Work instructions
What is needed is a verbatim copy of the data, minus the pictures.

Stored data
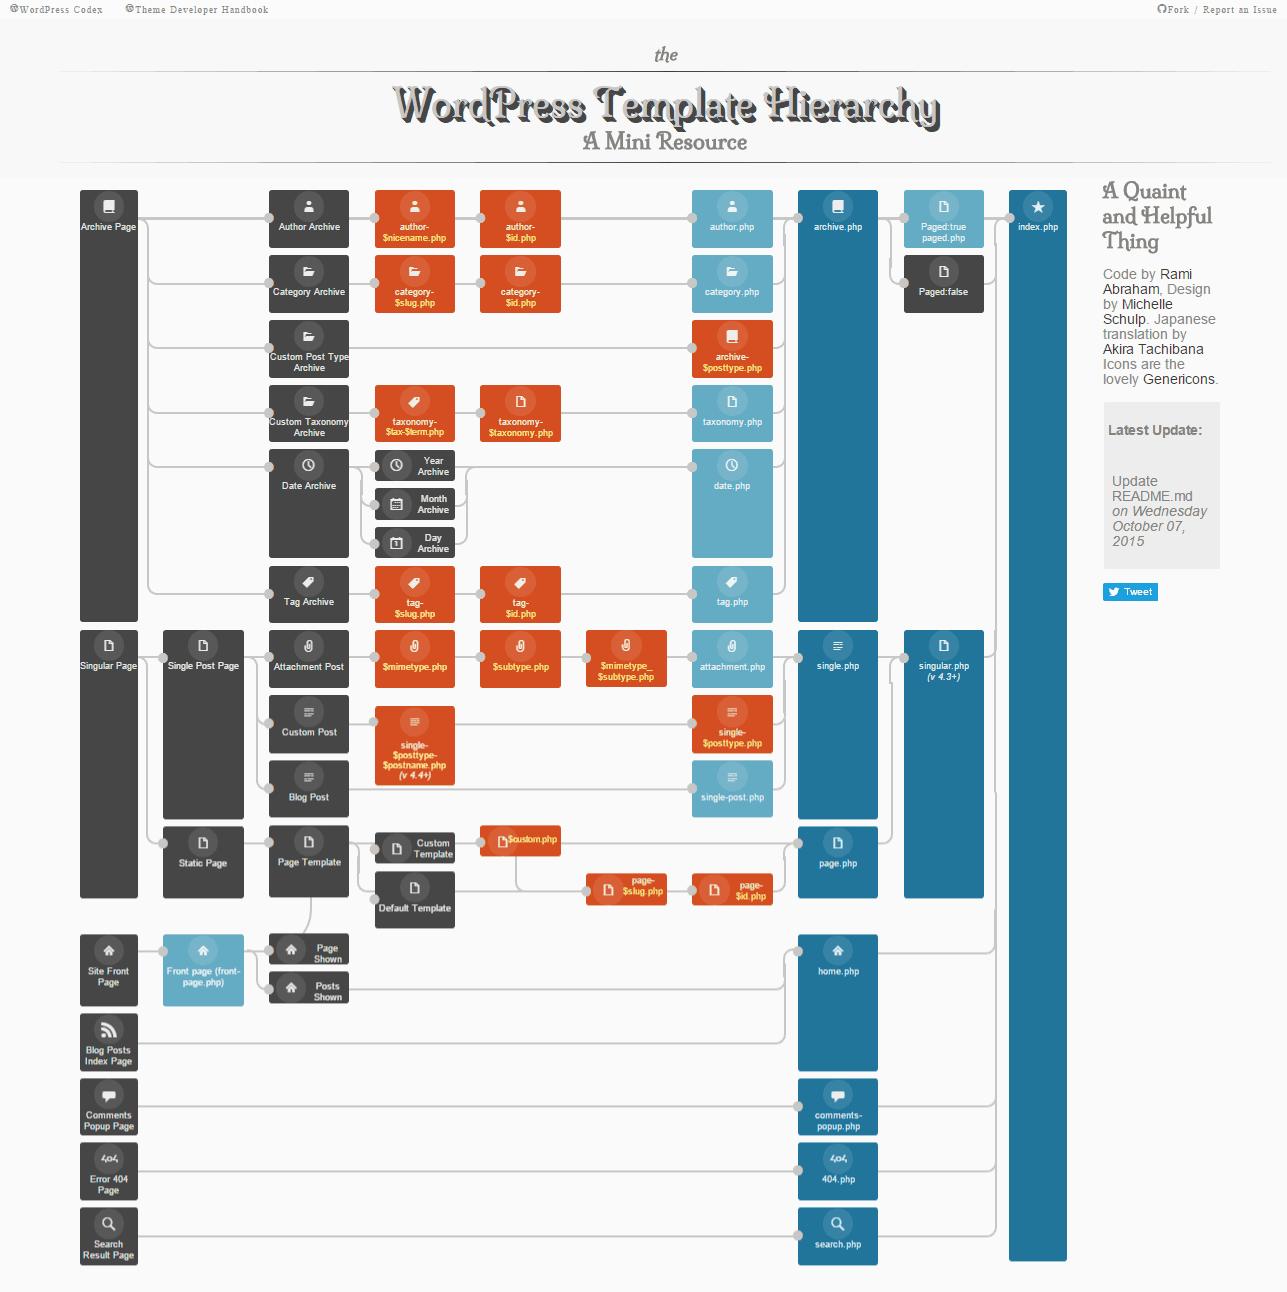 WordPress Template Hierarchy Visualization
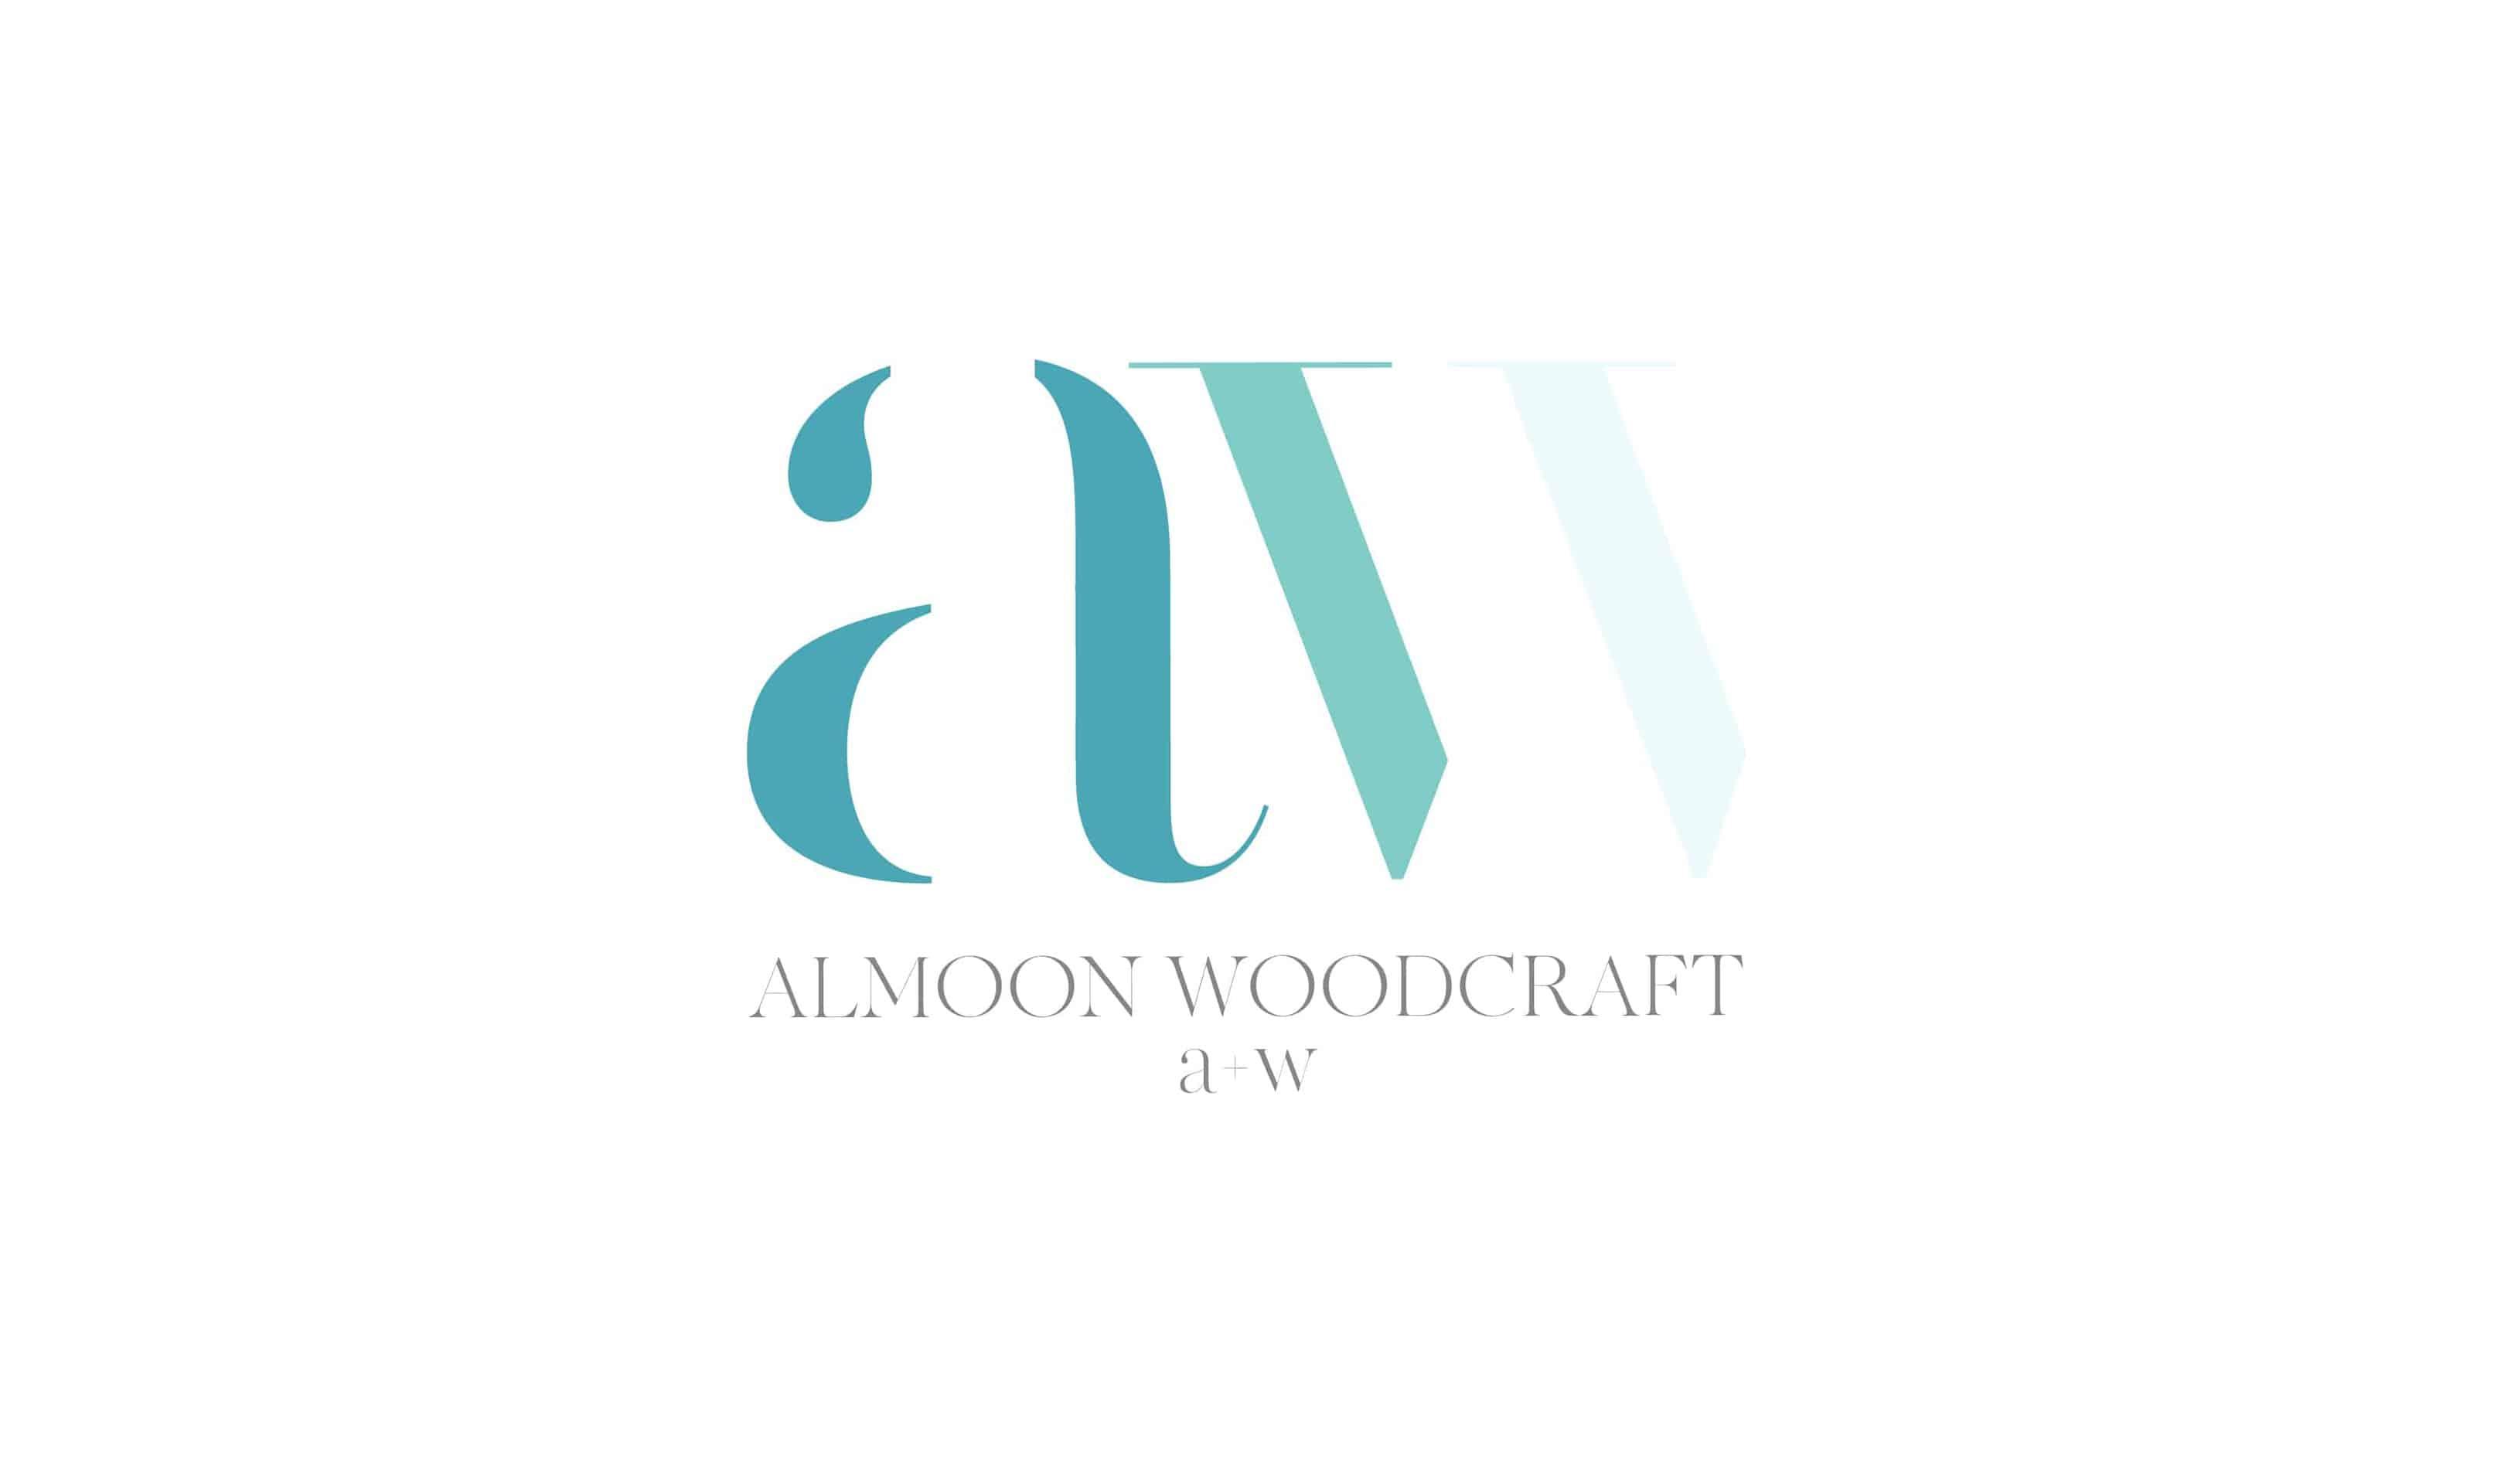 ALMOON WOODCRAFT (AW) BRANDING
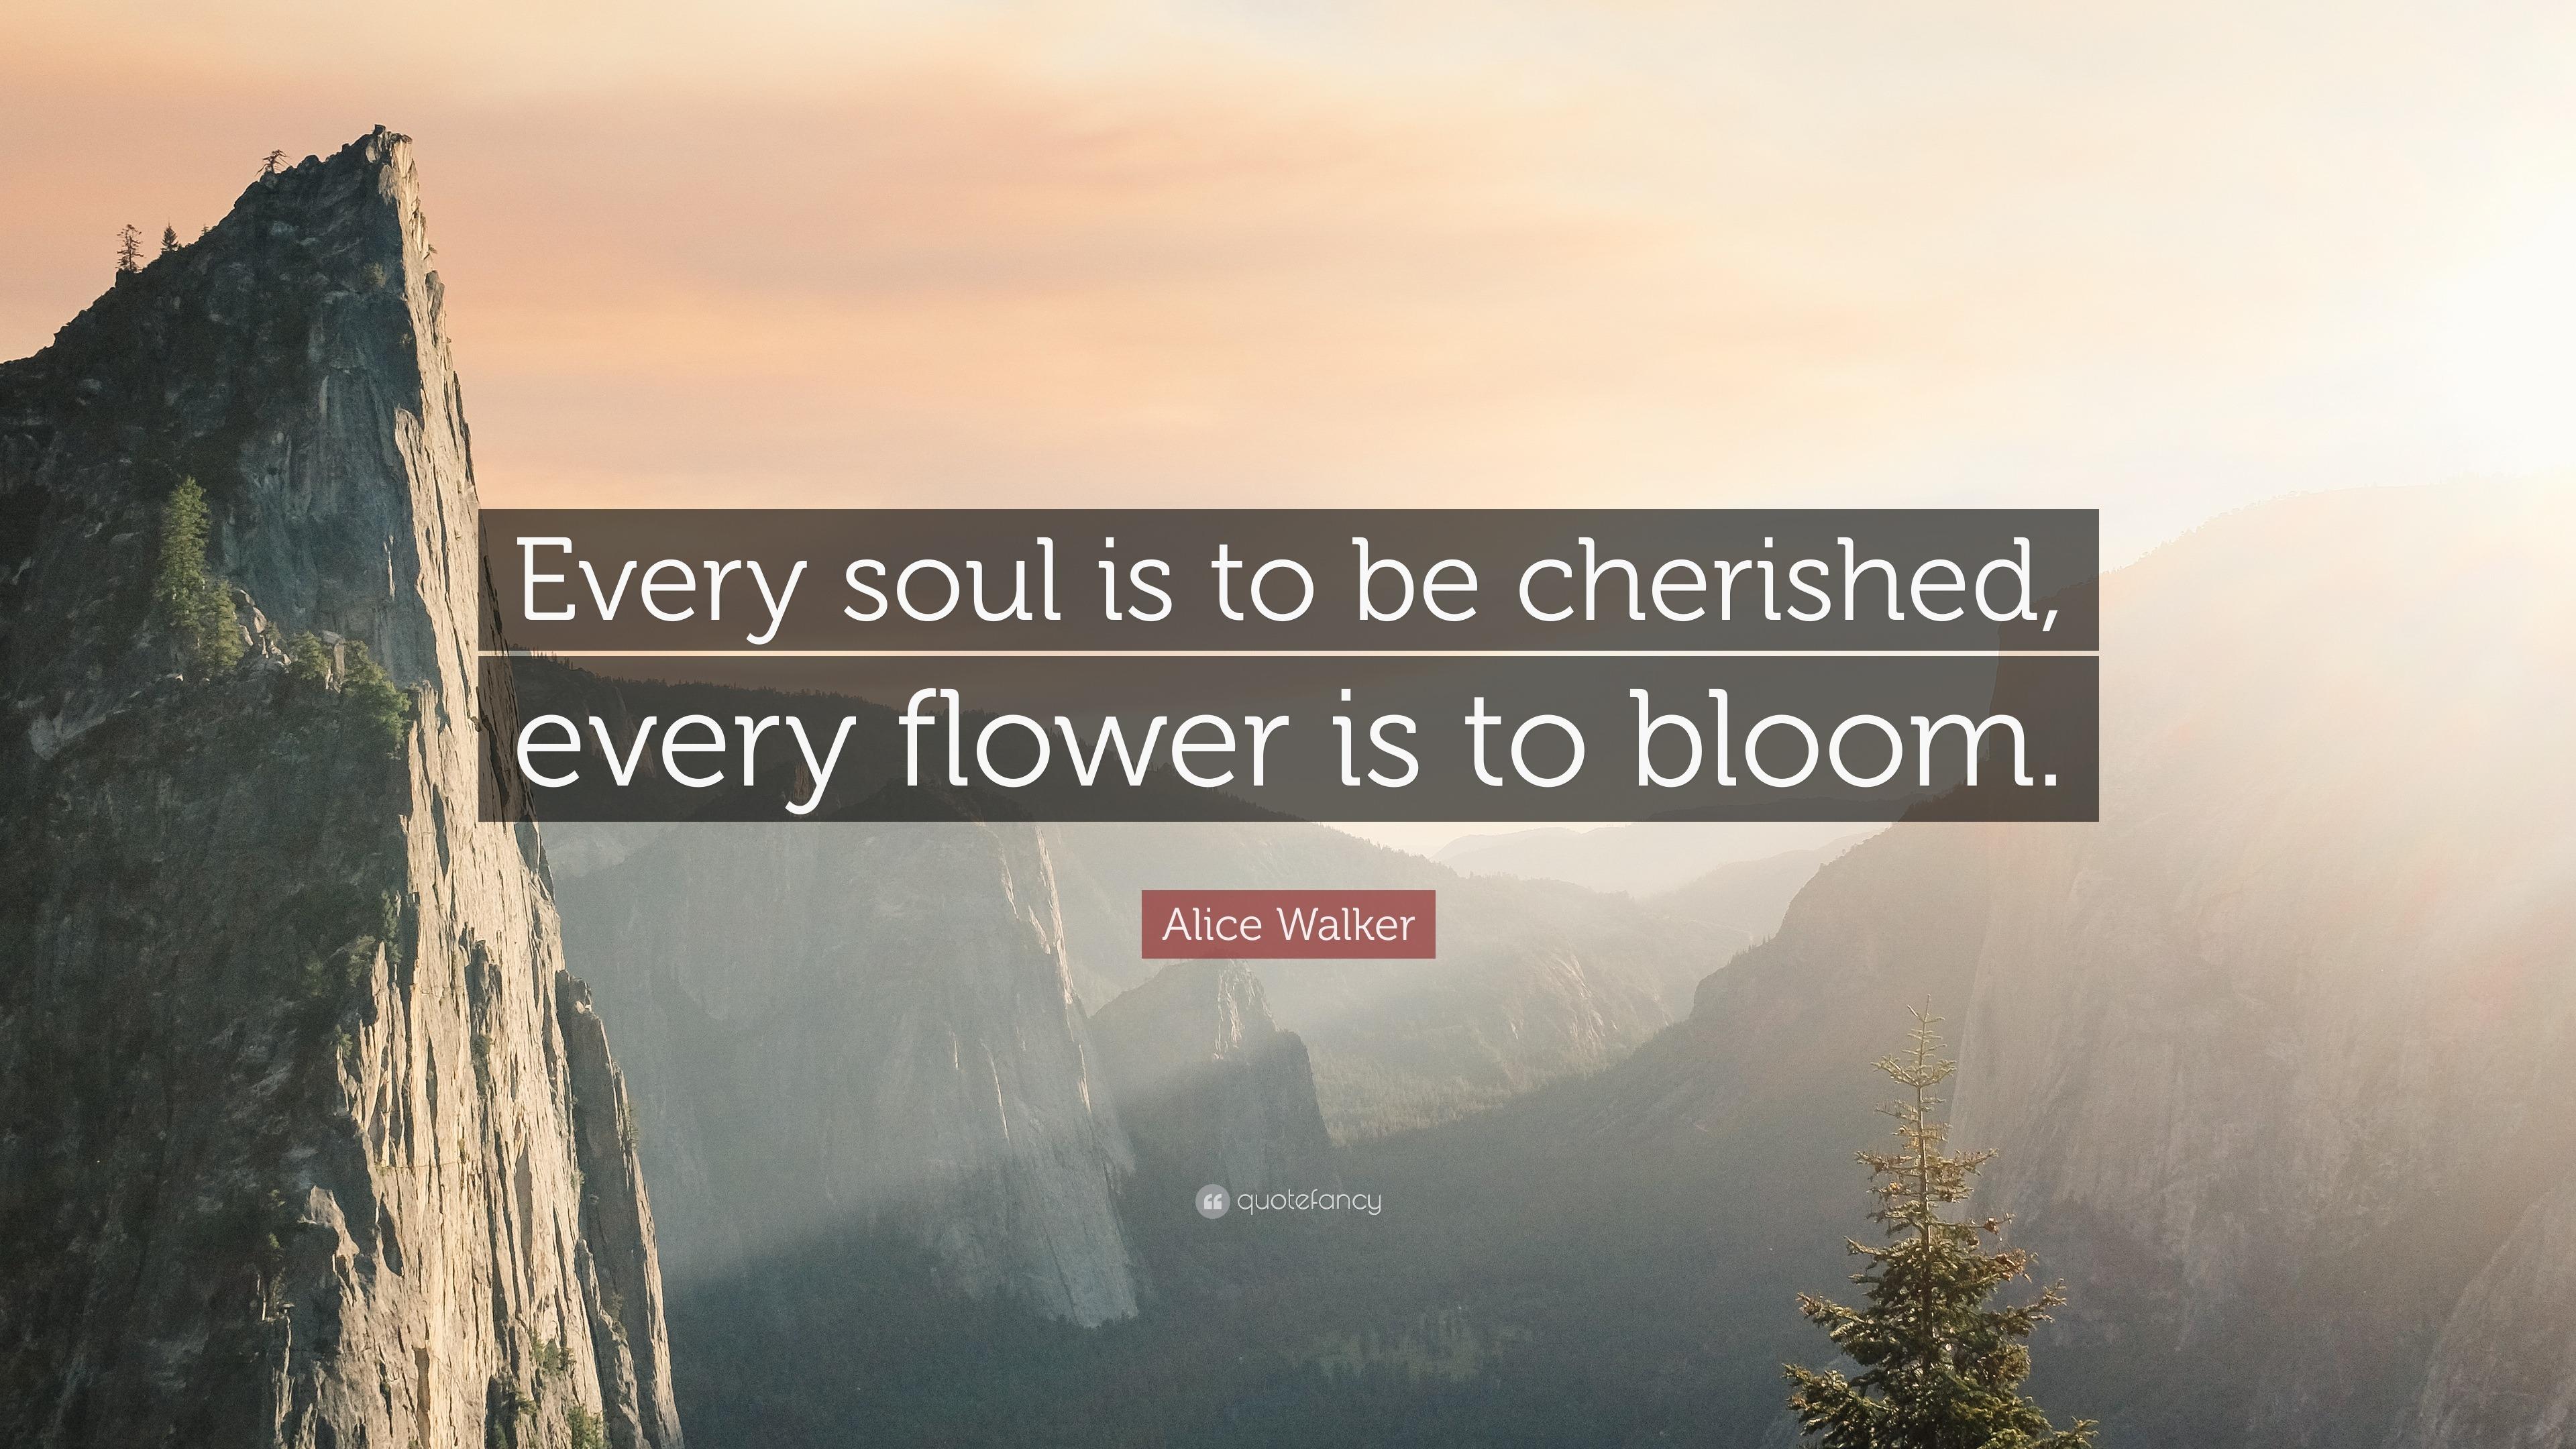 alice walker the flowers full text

Solution to the exercise
 WordPress Template Hierarchy Visualization
 ALMOON WOODCRAFT (AW) BRANDING
 alice walker the flowers full text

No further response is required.